The Crossing Introduces New Wine Bar

Apr 18, 2012 at 9:00 am
The Crossing Introduces New Wine Bar
Kelly Hogan

Last year, Jim Fiala transformed the back dining room of his Central West End spot Liluma (236 North Euclid Avenue; 314-361-7771) into Liluma Side Door, a more casual, small plates-focused restaurant-within-a-restaurant. Now, Fiala is introducing something similar at The Crossing (7823 Forsyth Boulevard, Clayton; 314-721-7375), remaking the upper level of his upscale Clayton restaurant as The Wine Bar at the Crossing, which features a menu of "Bites" from executive chef Matt Abeshouse and sous chef Mike Craig.

Fiala tells Gut Check the new wine bar stems from what he and his family, University City residents, thought was missing in their own dining options: "[If] we don't want to sit down for a whole meal, there's no little place to have a bite at the wine bar -- good quality, cooked food that you can be excited to eat.
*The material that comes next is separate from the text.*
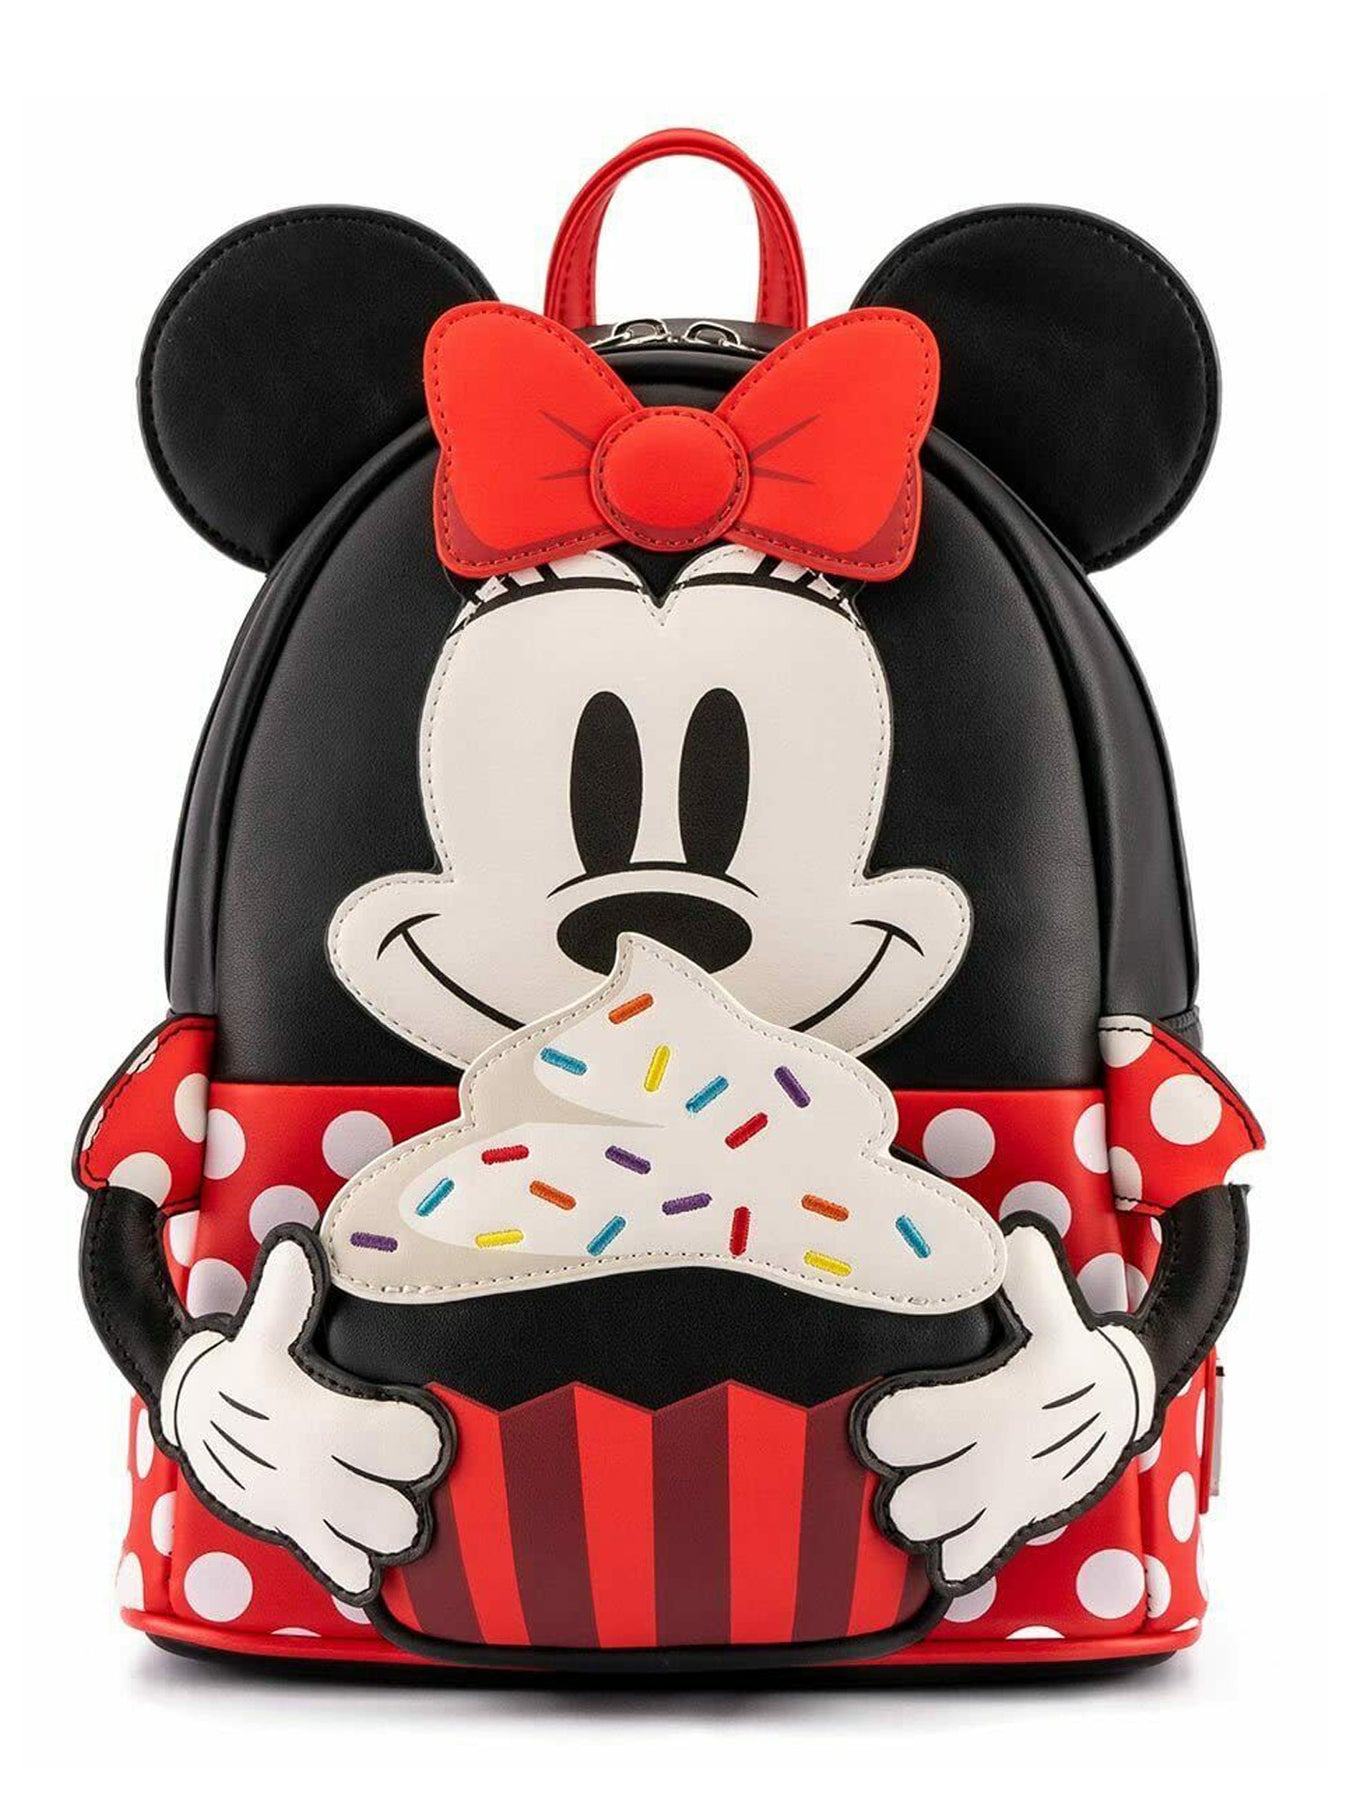 Disney Minnie Mouse Dual Compartment w/Ears & Bow Insulated Lunch Tote Red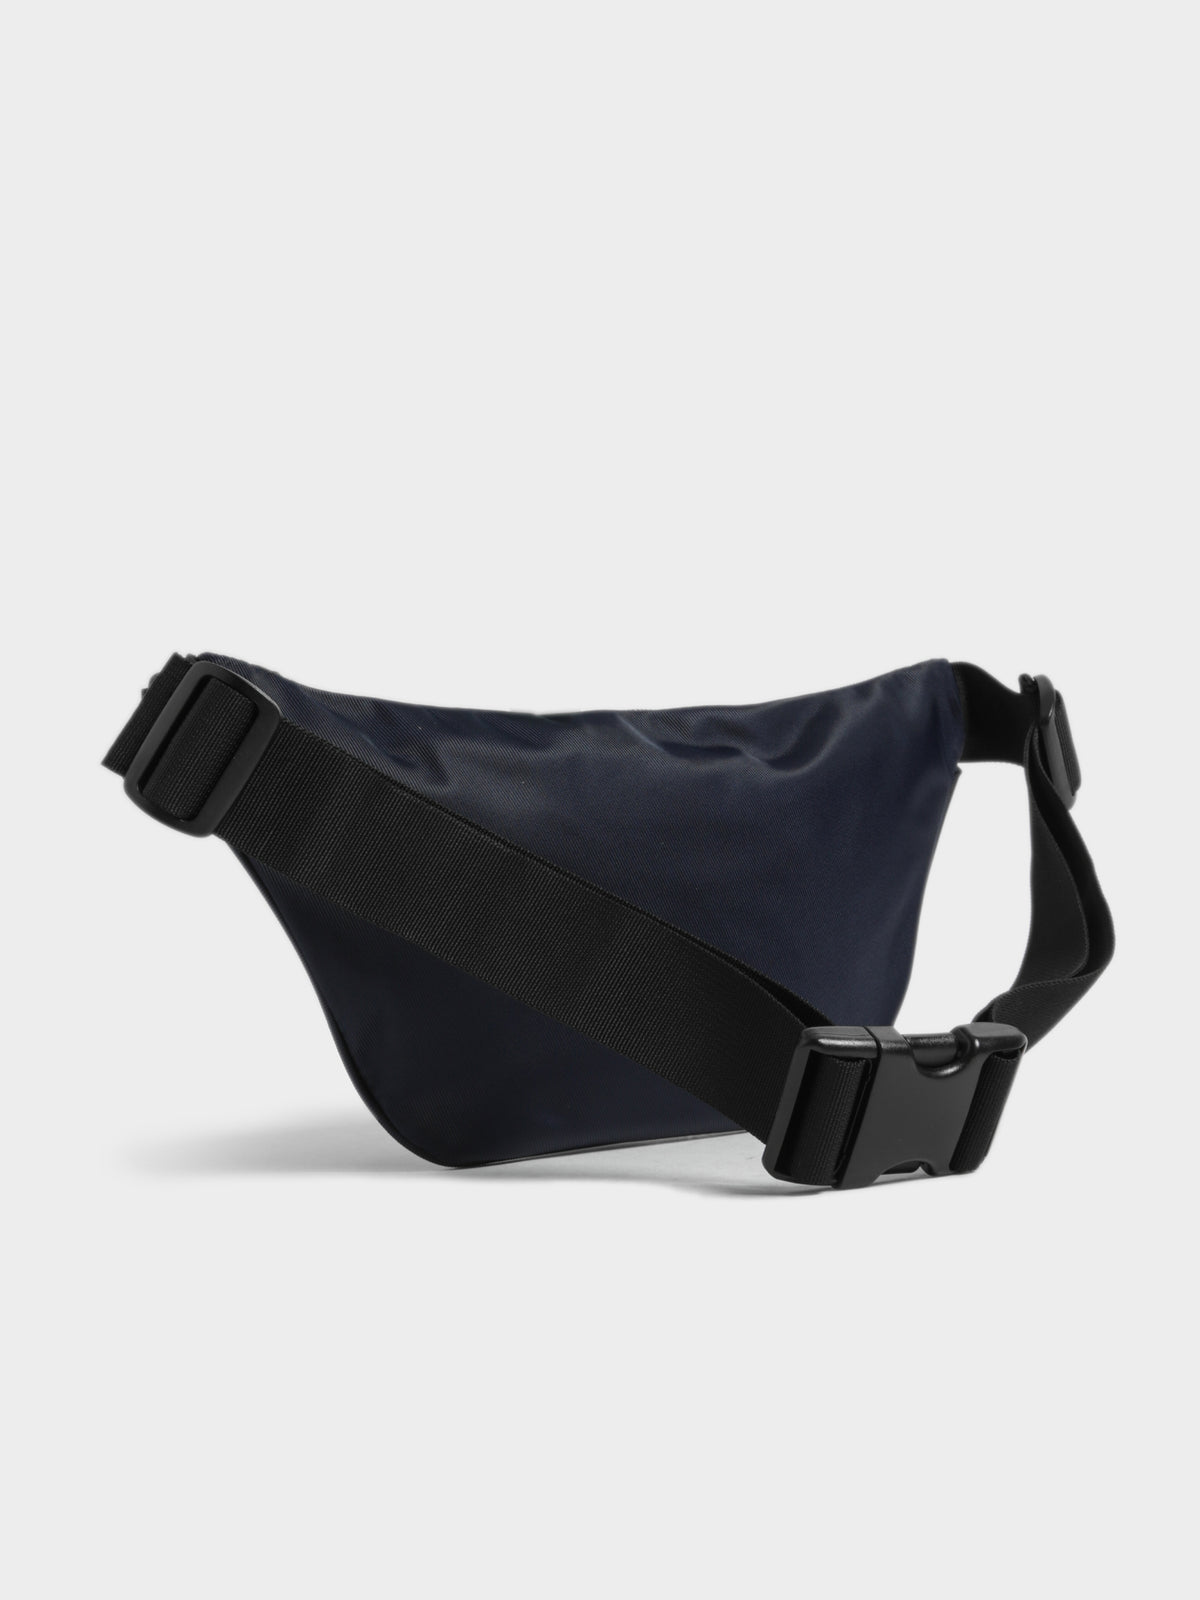 Polo Sport Waist Pack in Navy

"It doesn't have to be fancy."

He points to the menu's version of the Italian classic spaghetti cacao e pepe as an example of this: "One of the best dishes in the world, and it's so simple."

The wine bar's "bites" range from as little as $3 for a blue cheese soufflé to $14 for a cheese plate. All but three of the initial dozen dishes are $10 or less, and from 5-6 p.m. Monday through Friday, a limited "Happy Hour" menu prices eight dishes at $6 each.

(The wine bar's "Happy Hour" also features $6 glasses of selected Italian white wines and Mediterranean reds. The regular wine bar menu features four wine flights, two white and two red.)

Fiala says the menu is the result of his pushing Abeshouse and Craig "to do cool, little things -- just have fun."

The "Pig Toast," for example, uses some "really killer head cheese" that the kitchen prepared from a whole Swabian-Hall pig that the restaurant got from Iowa.

"No one eats cold head cheese on a plate," Fiala concedes (though he allows that he himself as well as Gut Check very well might). "Why don't you take it...heat it up, put it on some toast with some Yukon Gold potato, sauce verte, or some quail egg, some prosciutto -- do fun things."

Fiala says nothing on the wine bar's menu is meant to be permanent. When the head cheese runs out, the kitchen will turn to another part of the hog. And if an experiment doesn't pan out?

"If it doesn't work," Fiala says, "It doesn't work."